Delegate tasks to Goose CLI subagents for autonomous development
AI agents invoke delegate_to_subagents to trigger actions in MCP Goose Subagents Server. What it does depends on the arguments the agent supplies, and its effects often reach beyond the immediate call — builds kicked off, notifications sent, workflows started.

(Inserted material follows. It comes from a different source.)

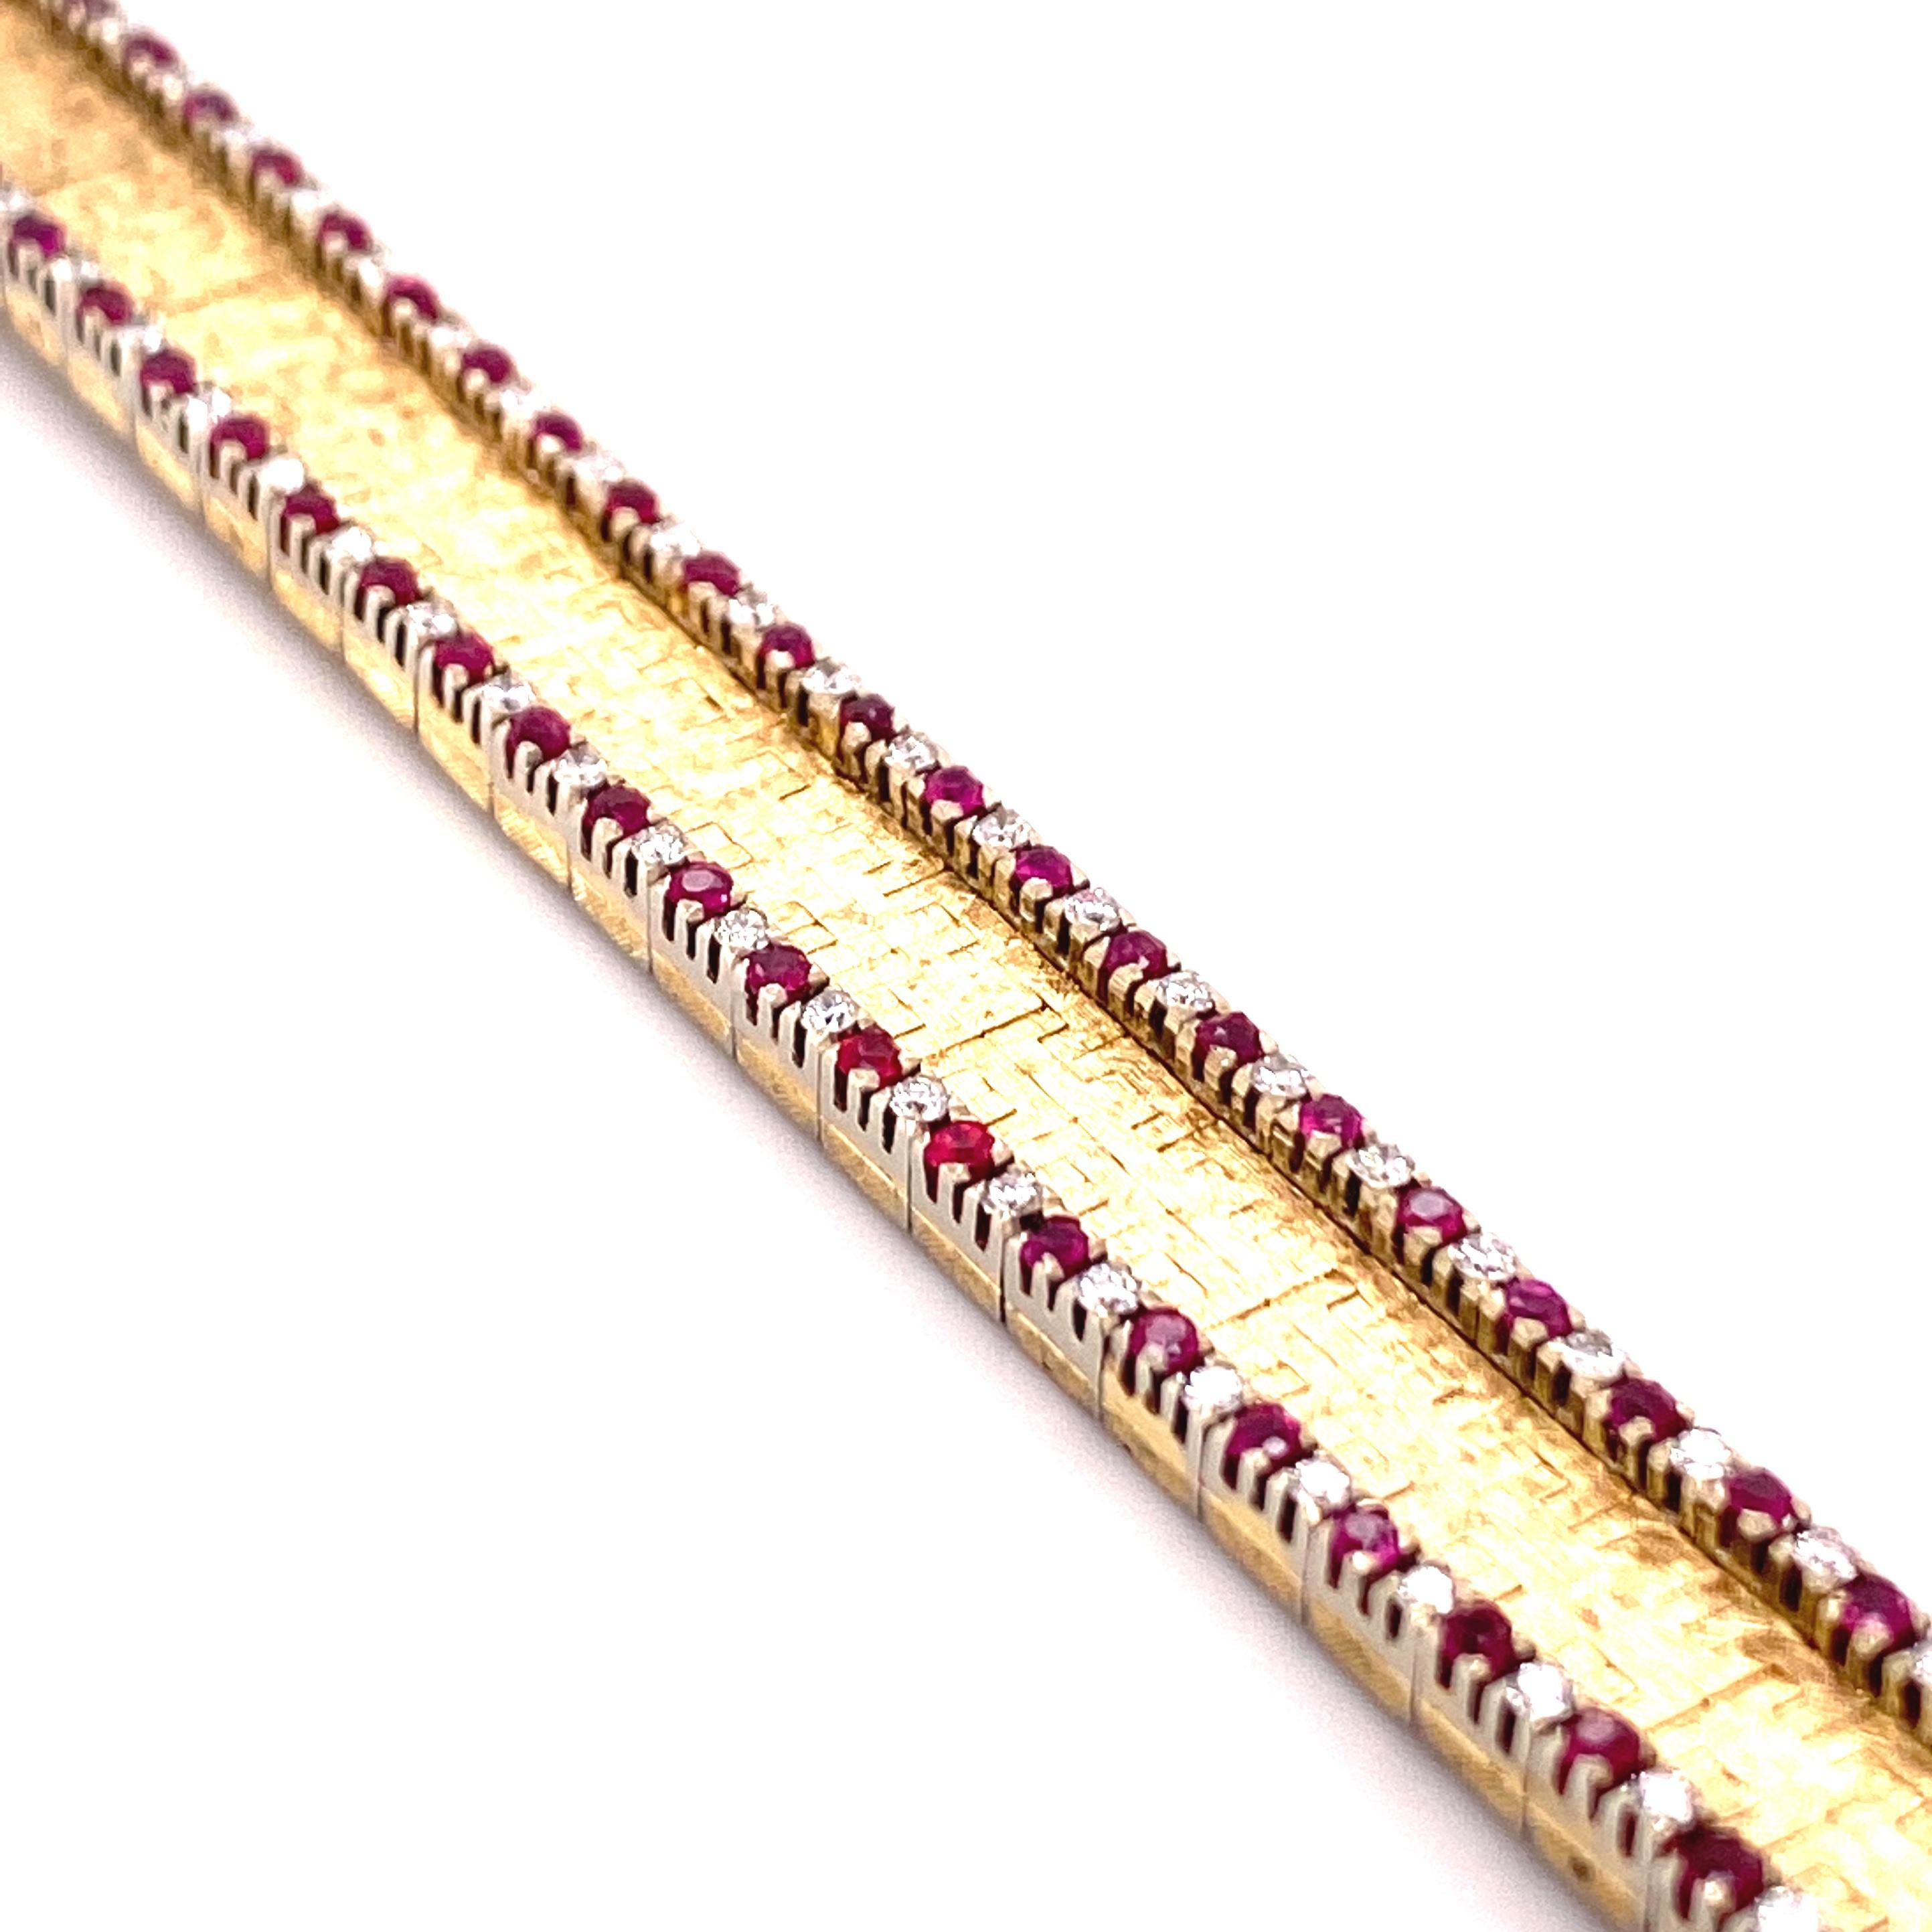 Timeless elegant bracelet in 18 karat gold with 90 round cut rubies and 90 brilliant cut diamonds, total weight of the rubies approximately 1.35 carats and of the diamonds 0.90 carats, G/H colour and vs clarity.
The rubies and diamonds are set

This tool triggers autonomous Goose CLI subagents to execute development tasks. Since it runs external CLI processes and autonomous agents whose effects depend on the arguments provided (code changes, file operations, system commands, etc.), it falls squarely in the Execute category.
From the tool's definition Delegate tasks to Goose CLI subagents for autonomous development
Attacks that exploit this kind of access
Delegate tasks to Goose CLI subagents for autonomous development. It is categorised as a Execute tool in the MCP Goose Subagents Server MCP Server, which means it can trigger actions or run processes. Use rate limits and argument validation.
Register the MCP Goose Subagents Server MCP server in PolicyLayer and add a rule for delegate_to_subagents: allow, deny, rate-limit, or require approval. Point your MCP client at the PolicyLayer proxy URL and the rule is enforced on every call, before it reaches MCP Goose Subagents Server. Nothing to install.
delegate_to_subagents is a Execute tool with high risk. Execute tools should be rate-limited and have argument validation enabled.
Yes. Add a rate_limit block to the delegate_to_subagents rule in your PolicyLayer policy. For example, setting max: 10 and window: 60 limits the tool to 10 calls per minute. Rate limits are tracked per agent session and reset automatically.
Set action: deny in the PolicyLayer policy for delegate_to_subagents. The AI agent will receive a policy violation error and cannot call the tool. You can also include a reason field to explain why the tool is blocked.
delegate_to_subagents is provided by the MCP Goose Subagents Server MCP server (pc-style/goose-mcp). PolicyLayer sits as a proxy in front of this server to enforce policies before tool calls reach the server.
Every MCP server has a record like this.
Type a name, get the same breakdown: verified identity, auth posture, risk grade, capabilities, recommended policy.